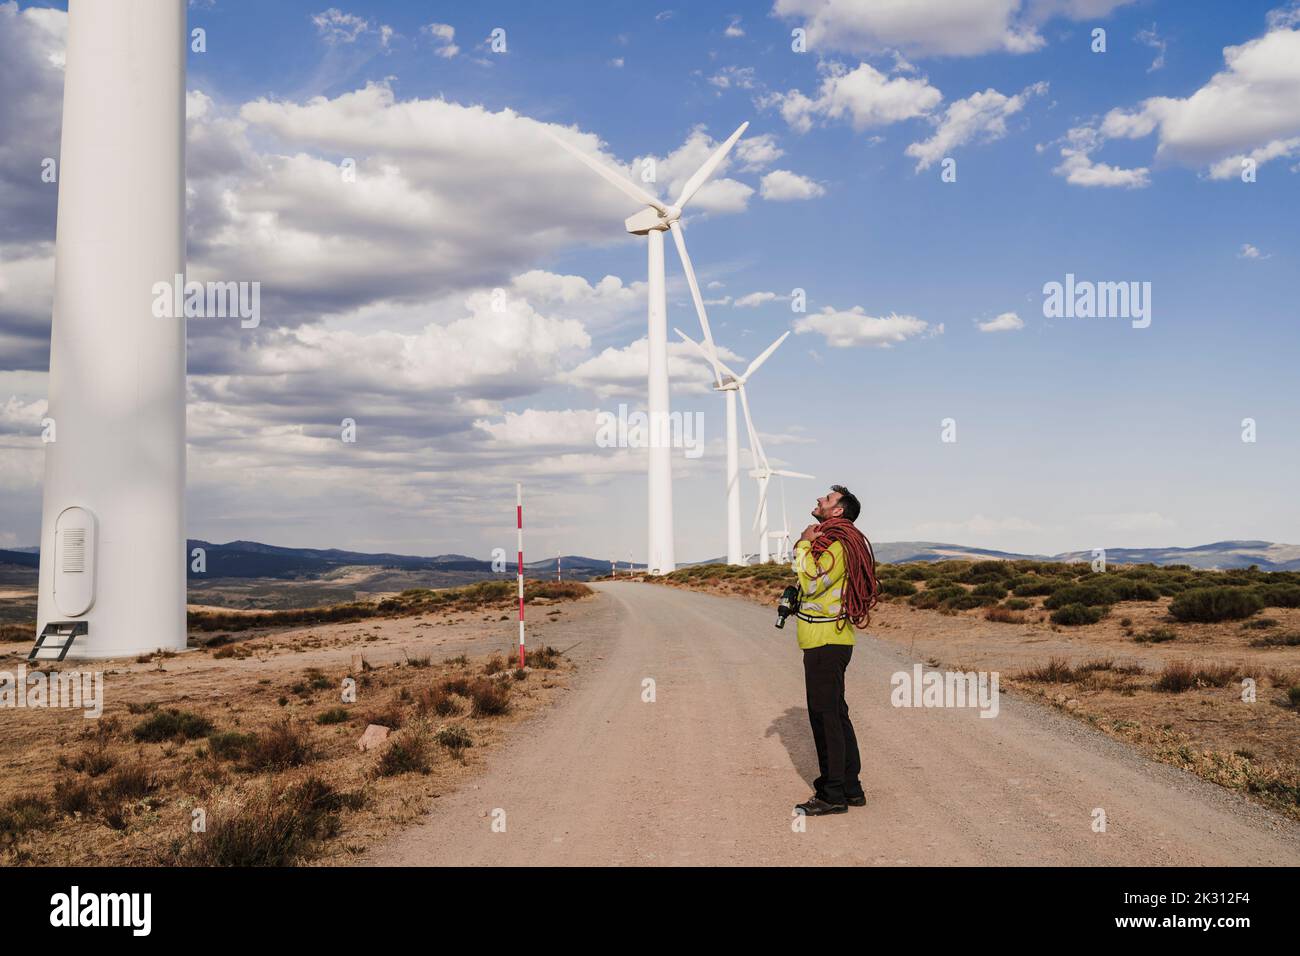 Technicien avec corde debout sur la route regardant l'éolienne Banque D'Images
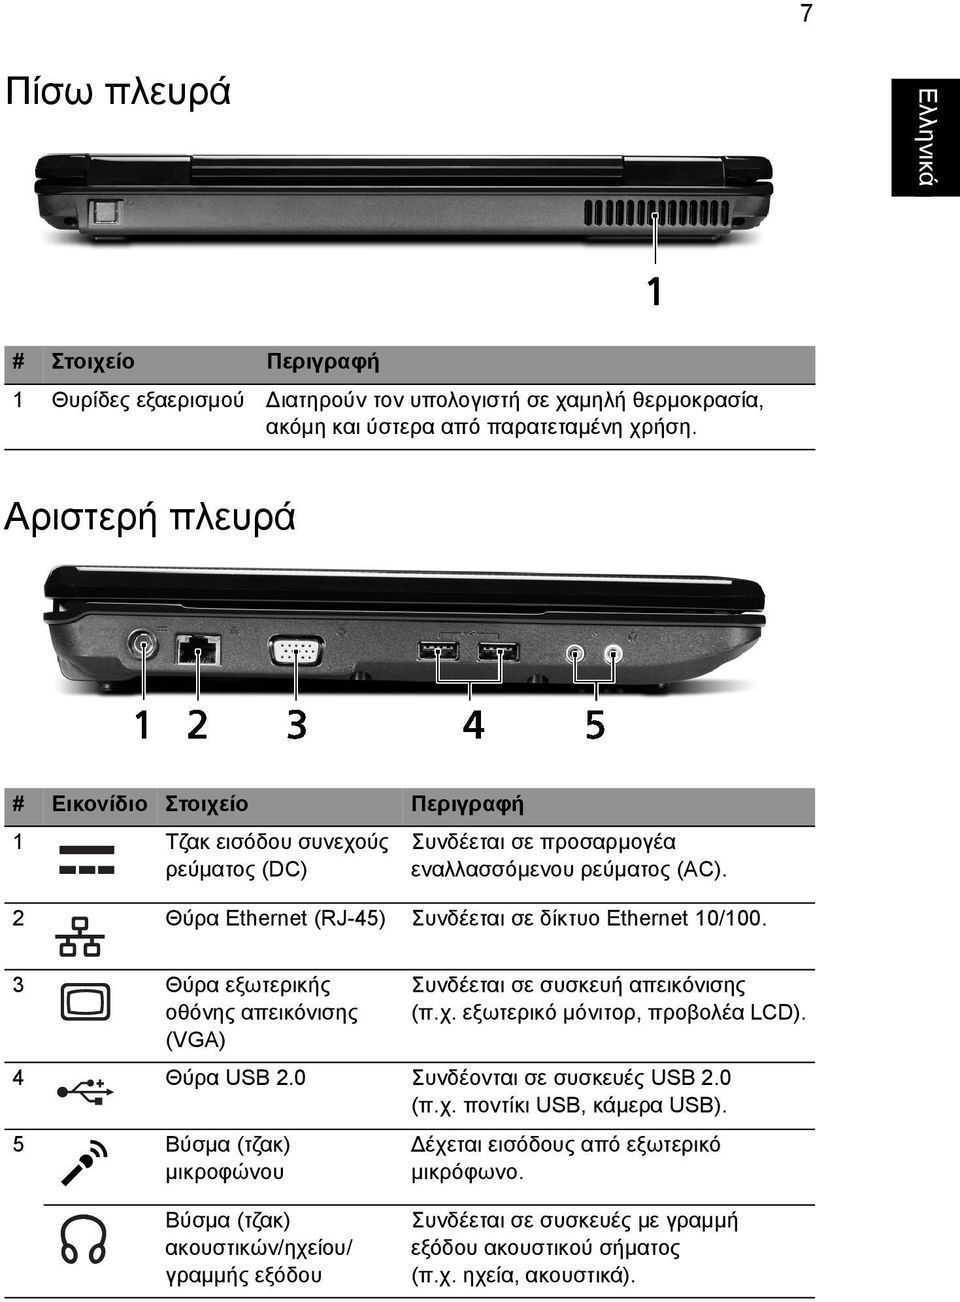 3 Θύρα εξωτερικής οθόνης απεικόνισης (VGA) Συνδέεται σε συσκευή απεικόνισης (π.χ. εξωτερικό µόνιτορ, προβολέα LCD). 4 Θύρα USB 2.0 Συνδέονται σε συσκευές USB 2.0 (π.χ. ποντίκι USB, κάµερα USB).
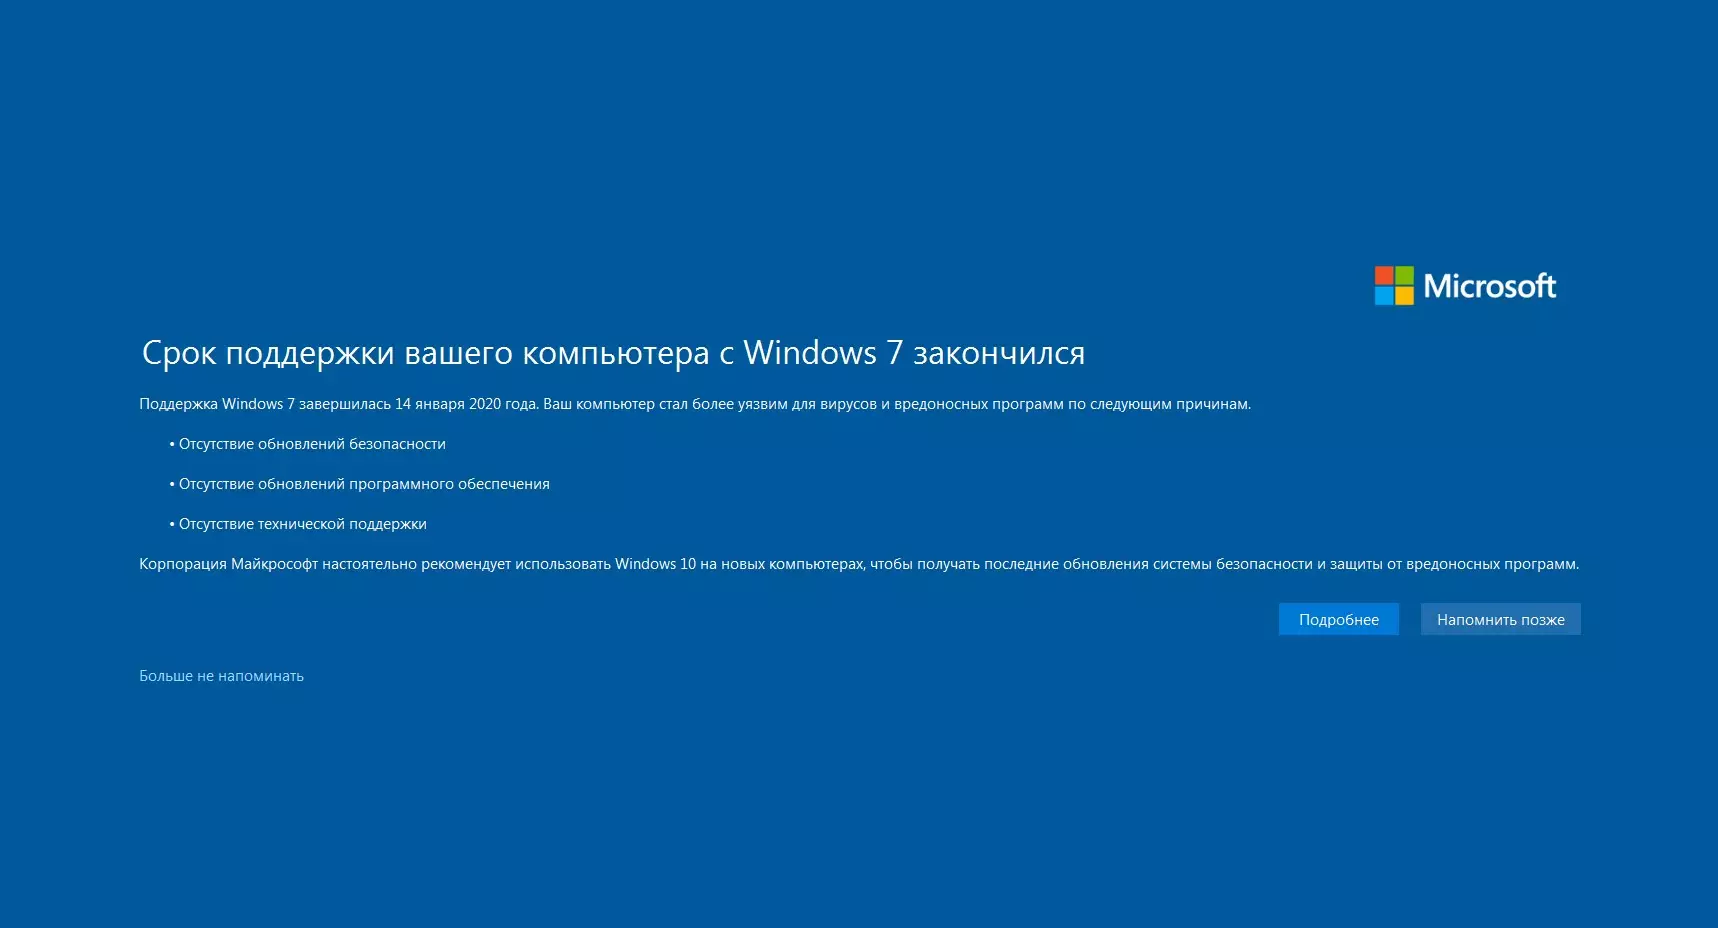 Повідомлення, які отримують користувачі Windows 7 після закінчення офіційної підтримки від Microsoft
□ □ □ □
# Problem details:
Set down all of the material above exactly as written, leaving the pictures out.

# Written reply:
 Technicien avec corde debout sur la route regardant l'éolienne Banque D'Images
 3 Θύρα εξωτερικής οθόνης απεικόνισης (VGA) Συνδέεται σε συσκευή απεικόνισης (π.χ. εξωτερικό µόνιτορ, προβολέα LCD). 4 Θύρα USB 2.0 Συνδέονται σε συσκευές USB 2.0 (π.χ. ποντίκι USB, κάµερα USB).
 Повідомлення, які отримують користувачі Windows 7 після закінчення офіційної підтримки від Microsoft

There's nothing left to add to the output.